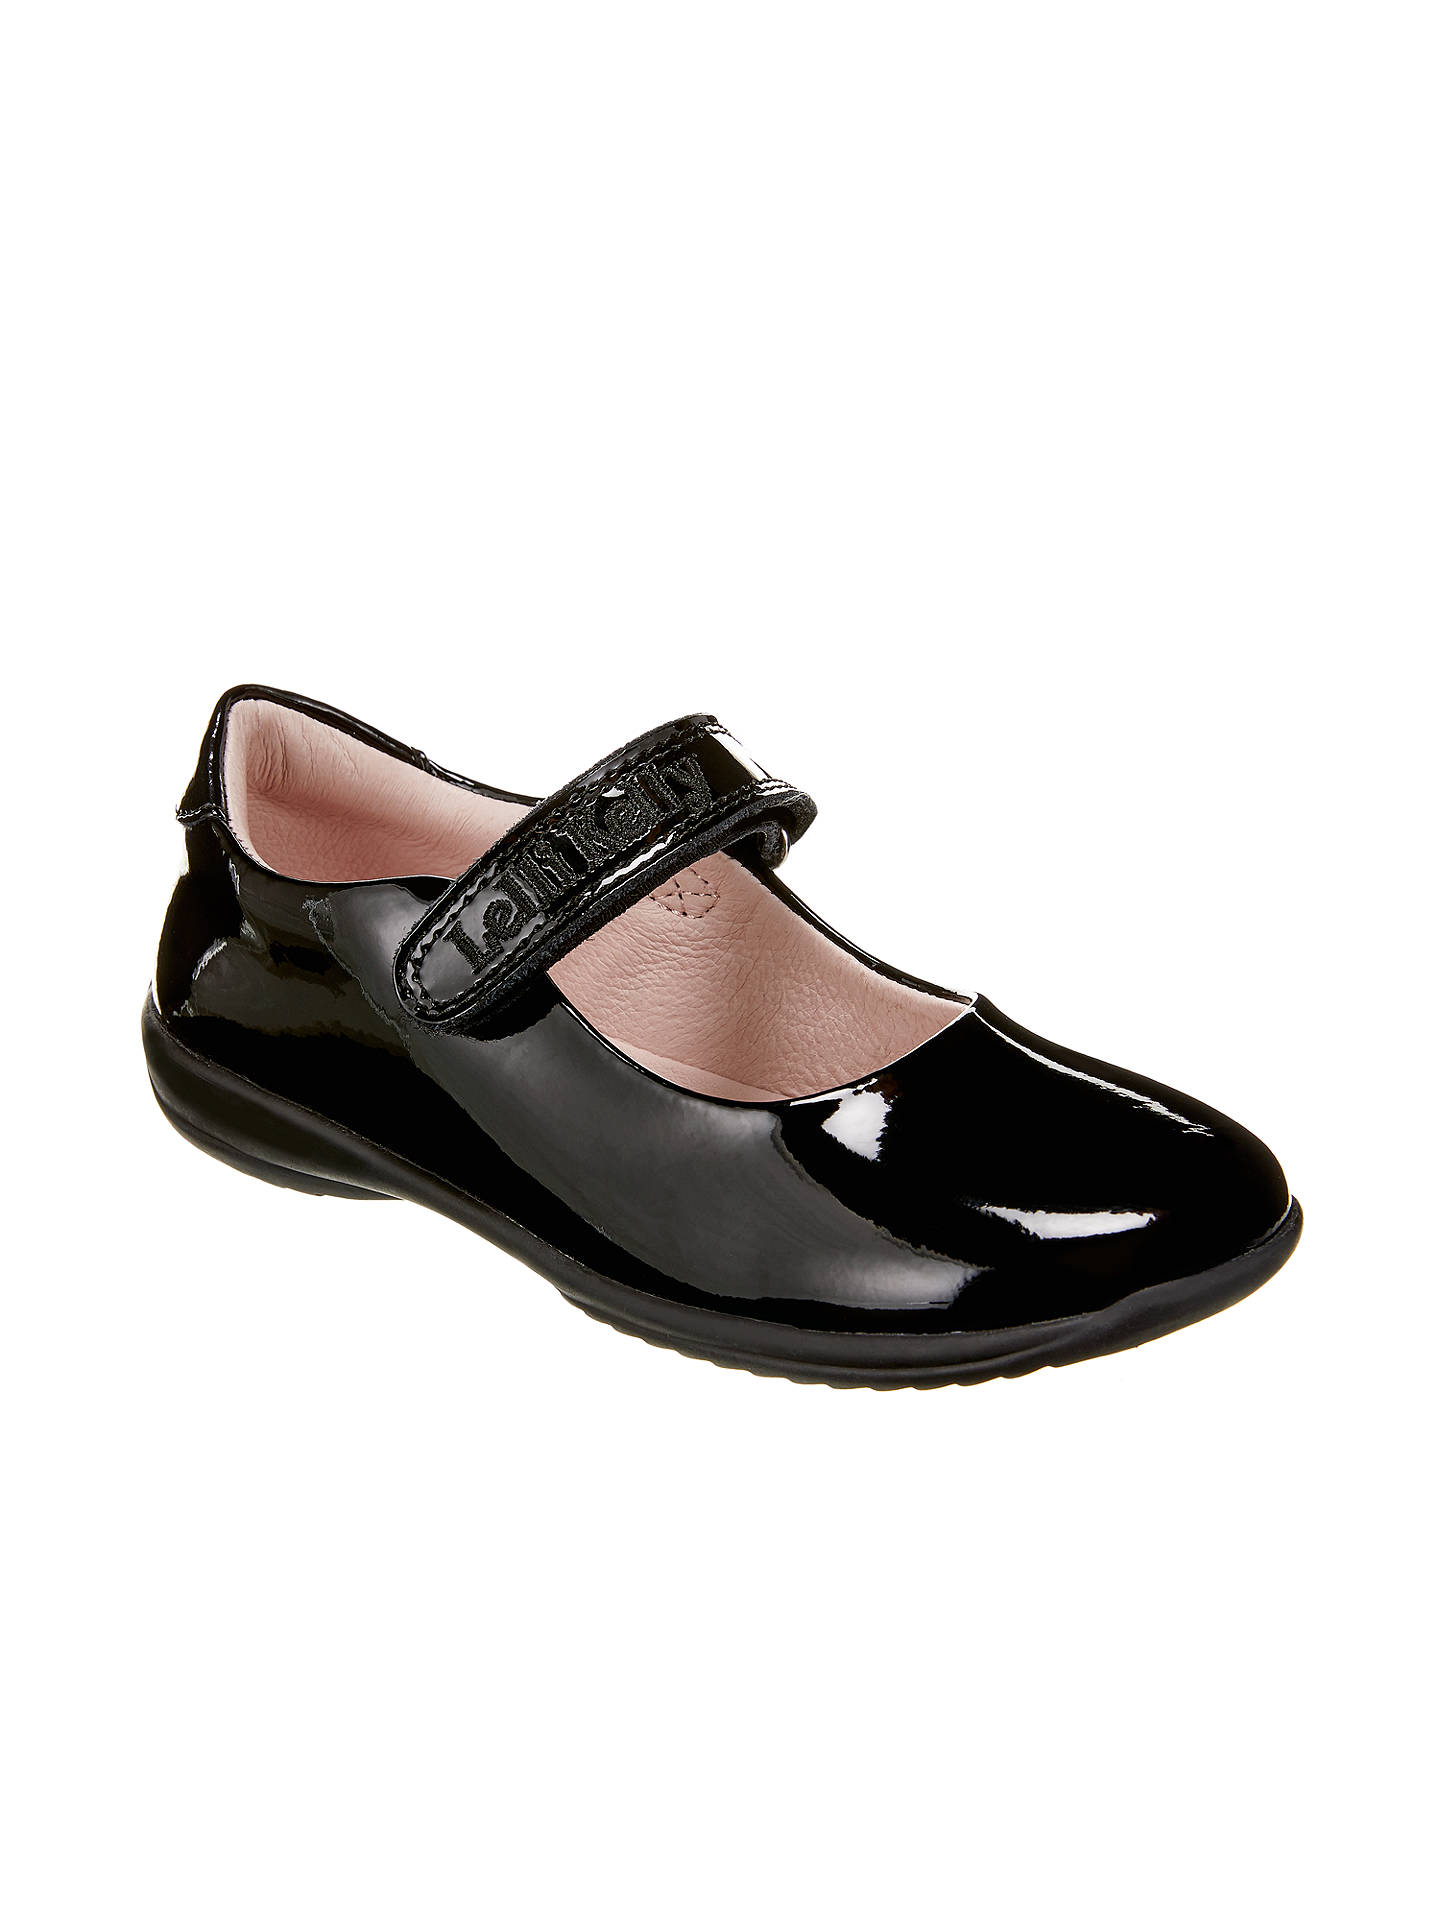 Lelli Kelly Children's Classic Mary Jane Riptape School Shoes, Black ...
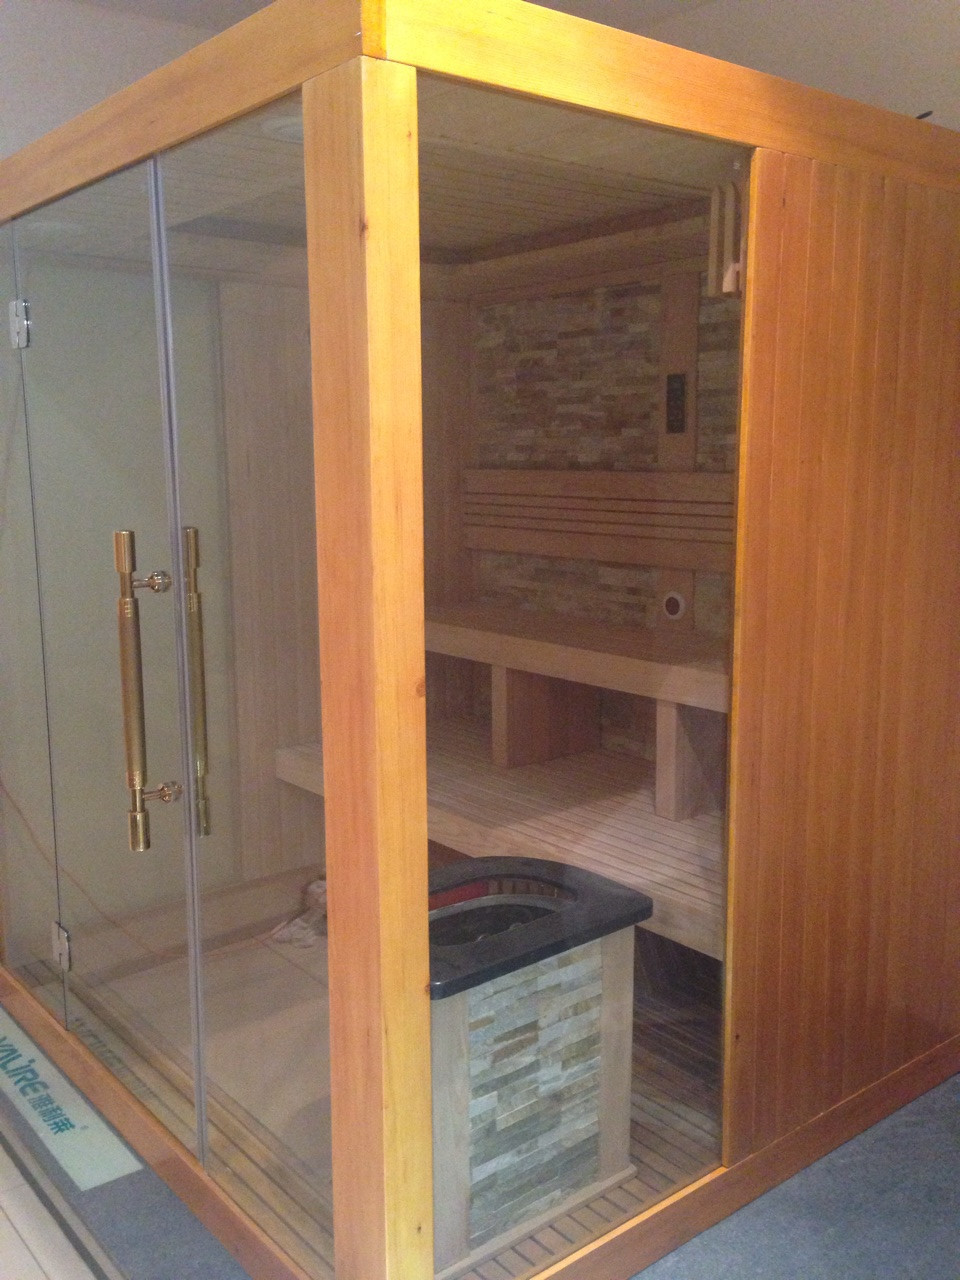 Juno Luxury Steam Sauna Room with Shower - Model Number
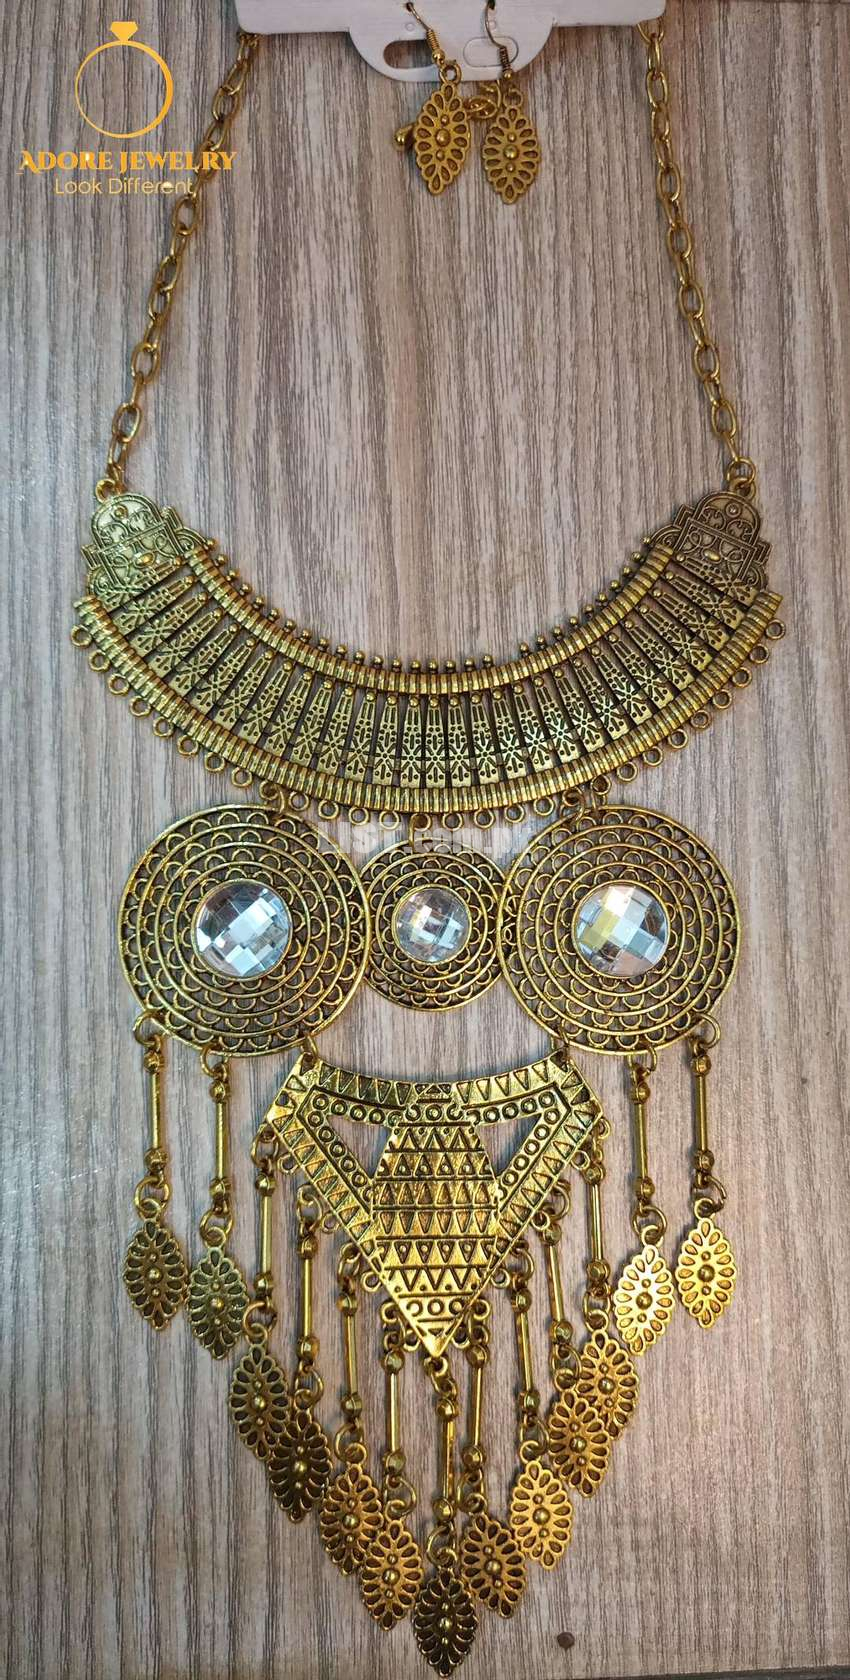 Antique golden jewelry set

◆ Exercise prompt
From the line with "Juno Luxury Steam" through the end of the listing, write out every line exactly, leaving out the pictures.

◆ Output of the task
 Juno Luxury Steam Sauna Room with Shower - Model Number
 Antique golden jewelry set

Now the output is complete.